As of 2016, the city had 6,265 more residents who were born abroad to non-U.S. parents than it did 10 years prior, according to BRAC. That’s a 25% increase. The parish at large has seen an even greater increase in international residents: 33% since 2006.
More job opportunities also meant more young professionals staying in Baton Rouge after college, expanding the portion of the population known for thinking globally and for being hungry for the unknown.
Jim Urdiales, owner of Mestizo Louisiana-Mexican Cuisine, has watched these shifts unfold from the front row. His father, Carlos Urdiales, founded one of the first Mexican restaurants in the city, Carlos Cajun Mexican, which closed in 2016, and his uncle Joe Urdiales opened the city’s oldest still-operating one, El Rio Grande Mexican Restaurant, in 1962.
Urdiales points to Hurricane Katrina and job trends as contributors to the changing market, but he emphasizes the role of young people in both supporting wider international offerings and pushing those restaurants to keep innovating.
“The way that millennials are starting to eat, it’s a different experience for them. They’re more daring diners than the average diner,” he says. “I’m seeing how people are really stepping out of the norm, and they’re not really eating by a label. They’re willing to try a vegetable for a dish without being a vegetarian.”
Each shift in the market, each rise in demand, each new palate added to the city and new culinary adventure undertaken after spotting an enticing Instagram, bolstered the growing trend. One restaurant led to another, then another.
It’s 2009, and you’ve tried sushi for the first time—now you’re ready to venture out into sashimi, ramen with the works, tempura-fried tofu. You’ve got the hang of Chinese and Japanese cuisine—now you’re ready to venture out into the vermicellis of Vietnam and the bibimbaps of Korea. Steadily, this is how restaurants and diners have worked in tandem to broaden the international offerings of the city.
Urdiales has seen the city’s growing culinary curiosity support more international and immigrant-owned businesses every day. Louisiana has a relatively low Hispanic population—222,000 as of 2014, making us 31st in the country for Hispanic residents, according to the Pew Research Center. So for years, Baton Rouge only knew Latin food as Tex-Mex.
Now, we’ve begun to differentiate and crave variety. Urdiales points to diners who frequent restaurants that showcase authentic Mexican cuisine, like his, or Central American cuisine, like La Salvadoreña Pupuseria.
“That’s what I’m excited about,” Urdiales says. “You’ve got markets like La Morenita and Ideal Market, and people going there and finally seeing the beauty of the produce and the meats and the cultures.”
ROOM AT THE TABLE
Along the length of Florida Boulevard and branching down Old Hammond Highway to Sherwood Forest and Coursey boulevards, international restaurants and markets have stood for years.
El Rio Grande, full of bright red and yellow plates brimming with chile con carne over enchiladas.
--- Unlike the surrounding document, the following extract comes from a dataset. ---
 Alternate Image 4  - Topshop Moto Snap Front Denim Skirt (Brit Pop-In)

Dang’s Vietnamese restaurant with steaming bowls of savory hu tieu. Bay Leaf Indian Cuisine, fragrant with anise and tamarind and curry. Grocers like Vinh Phat Oriental Market, La Morenita, Olive Tree’s International Food, Fashion India’s and Groceries, Pocorello’s Casa D’Italia and beyond.
As the last decade’s international wave added dozens of new options and cuisines to the city, these businesses have held onto loyal customers while drawing new ones in. It’s a similar case for Little Saigon, a Florida Boulevard Vietnamese joint that’s been open for nearly two decades.
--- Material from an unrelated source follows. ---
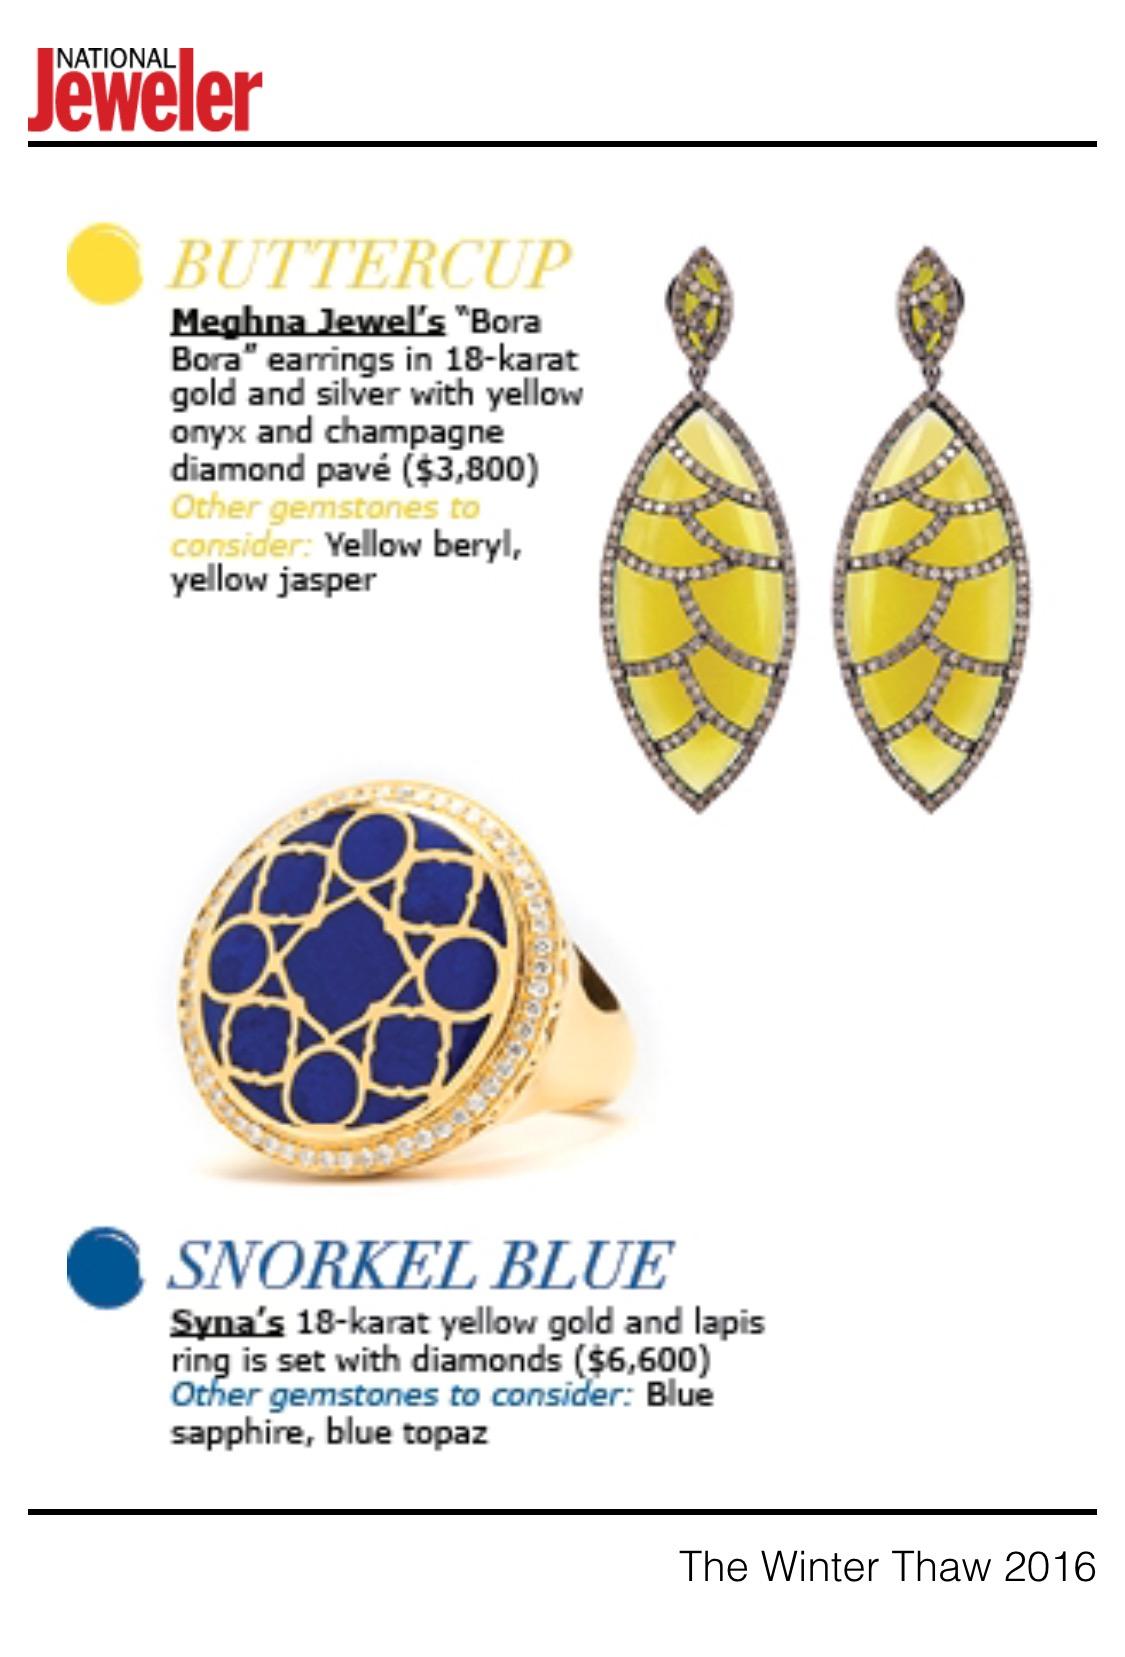 Bora Bora Earrings as featured in National Jeweler

“The more people know about, the more they want to try,” says David Nguyen, whose family owns Little Saigon. Skeptics whose palates have been broadened by one cuisine, he’s noticed, are more likely to give another a try.
The idea of sharing influences—of mutual appreciation and inspiration across cultures—is what creates a sense of community between international restaurateurs in Baton Rouge. There’s room for everyone at the table.
At Cocha, owners Saskia Spanoff and Enrique Pinerua know all about blending cultures and cuisines. Spanoff grew up in Baton Rouge, but her parents were born in Holland. Pinerua’s parents are Basque and Venezuelan, and they raised him in Chile. After meeting in the competitive restaurant scene of Los Angeles, Spanoff and Pinerua found an epicurean home in Baton Rouge in 2016, when they opened their globally inspired international eatery.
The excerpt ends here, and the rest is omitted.